The structure and complexity of the model varies with each different model and model variant—number and types of the layers, number of the filters, and filter stride affect the number of parameters. The number of filters, used activation functions, and computation techniques affect the calculation speed. TensorFlow saves the trainable CNN models in two ways—as a checkpoint, which captures the exact value of all parameters, and as SavedModel, which, in addition to the checkpoint, includes a serialized description of the computation. SavedModel format is independent of the source code that created the model and makes it suitable for serving or utilizing in other programming languages [
55]. The trained model in form of a checkpoint is stored in four files, in order to separate model graph structure (model.ckpt.meta), value of the variables (model.ckpt.data0000-of-0001), index of the variables (model.ckpt.index), and standalone checkpoint information for older versions of the TensorFlow framework (model.ckpt). Checkpoints files and a SavedModel can additionally be processed into the “frozen” and optimized Protocol buffers (protobuf) format [
56]. Freezing a model is a process of converting all model graph variables to constants, while optimization is a process of removing all CNN layers that are not necessary for the inference process. Furthermore, the size of the network in memory and on the disc is proportional to the number of parameters, while latency and power usage of the network corresponds to the number of Floating-point Operations (FLOP ) of the model. Instead of FLOP, some authors use a number of Multiplication and Addition (MAdd) operations or a number of Multiply–Accumulates (MACs) [
40,
57]. In general, one MAC contains one multiplication and one addition operation, which indicates that 1 MAC = 2 FLOP, but some systems can perform fused multiplication and addition in a single step [
58], which indicates that in such cases, 1 MAC = 1 FLOP. The complexity of each evaluated model is presented with two values.
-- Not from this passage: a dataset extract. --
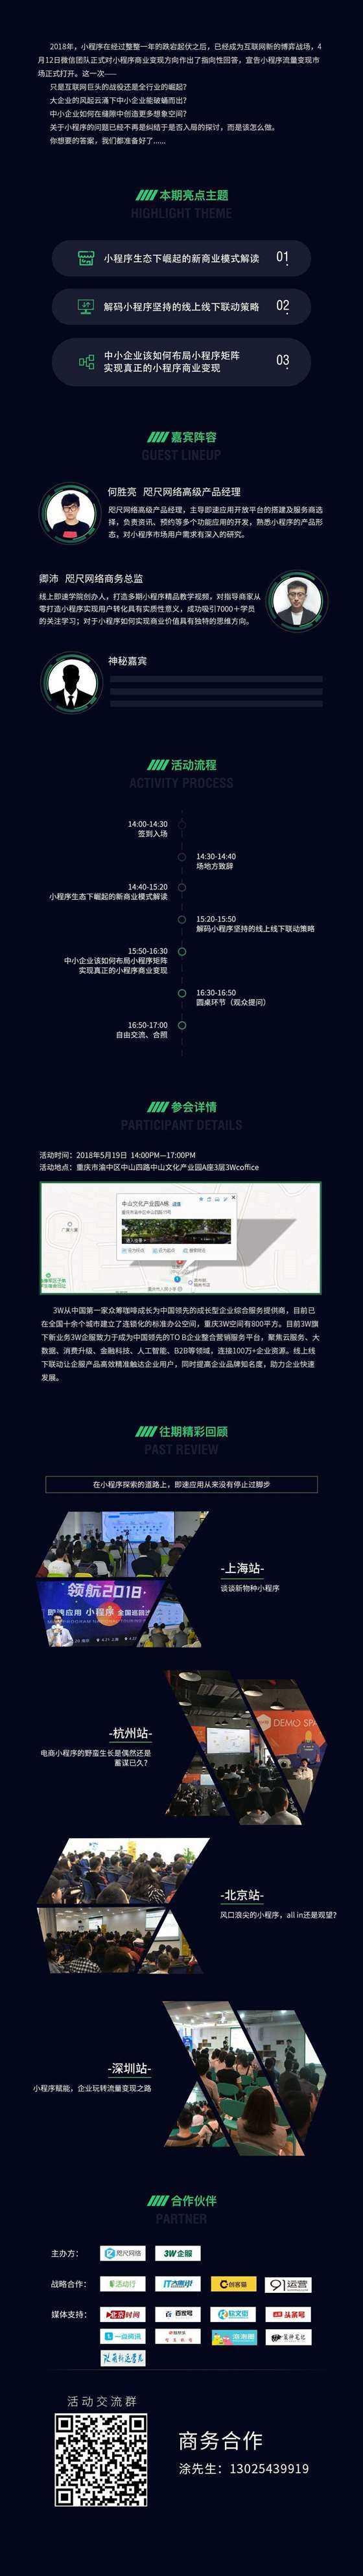 长图-重庆_6.jpg
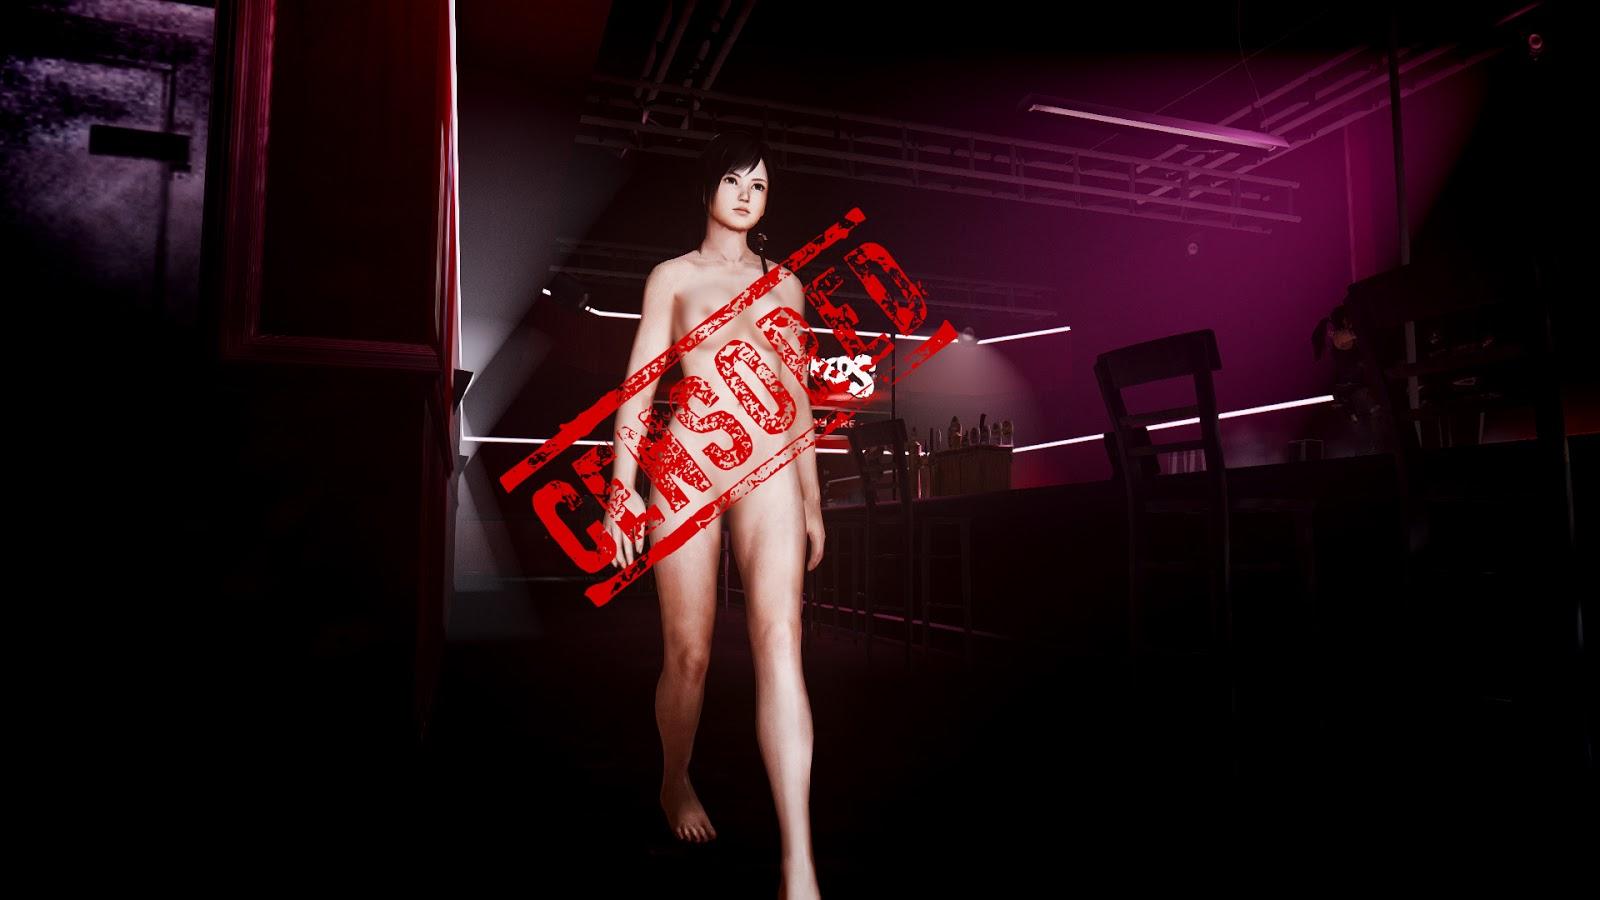 Gta iv Nacktheit volle Muschi — foto 15

The first value is the total number of parameters (trainable and untrainable), retrieved from model checkpoint files with a simple inspection script. As mentioned before, checkpoint (ckpt) files were frozen and optimized in order to speed up image classification process. The second presented value is the number of FLOPs calculated from the frozen and optimized model (pb) file with the TensorFlow profiler application [
59]. According to some users, the TensorFlow profiler has some issues with its calculation procedure [
60]. All model checkpoint files were downloaded from websites and converted to a frozen file on a local computer. Both calculated values are noted in
Table 2.
Top-5 and bottom-5 values of the total number of parameters (NoPs) in checkpoint file and the number of floating-point (FLOP) operations in millions for the frozen graph are displayed in the graphs of
Figure 1.
In order to check model inference (or classification) rate, 1000 images were resized to suitable input size, model files were "frozen", and SQLite database [
61] was prepared to store top-5 inference results. All images, models, and the database were stored in RAM disk. Model inference speed depends on computer hardware and software configuration—the presented inference speed is the average value of three consecutive measuring processes on (old and cheap) configuration: CPU: AMD A8-6600K APU [
62] and GPU: Gigabyte GeForce GTX 1070 8 GB [
63]. The inference rate of a particular model is presented in
Table 3 and
Figure 2.
It is noticeable that CNN architecture complexity influences the models’ inference rate, which confirms the claim that CNN models are a trade-off between inference speed and accuracy—models with faster inference speed results are less accurate and vice versa [
43].
There is an additional procedure to speed up the image inference speed on the system, which is using NVIDIA GPU—TensorRT [
64,
65]. TensorRT will restructure the saved model or the frozen model graph by removing unused output layers and conducts horizontal and vertical layer fusion in order to speed up the inference process. TensorRT also supports different types of calculation precision: 32 FP, 16 FP, and 8 INT, which can additionally improve performance.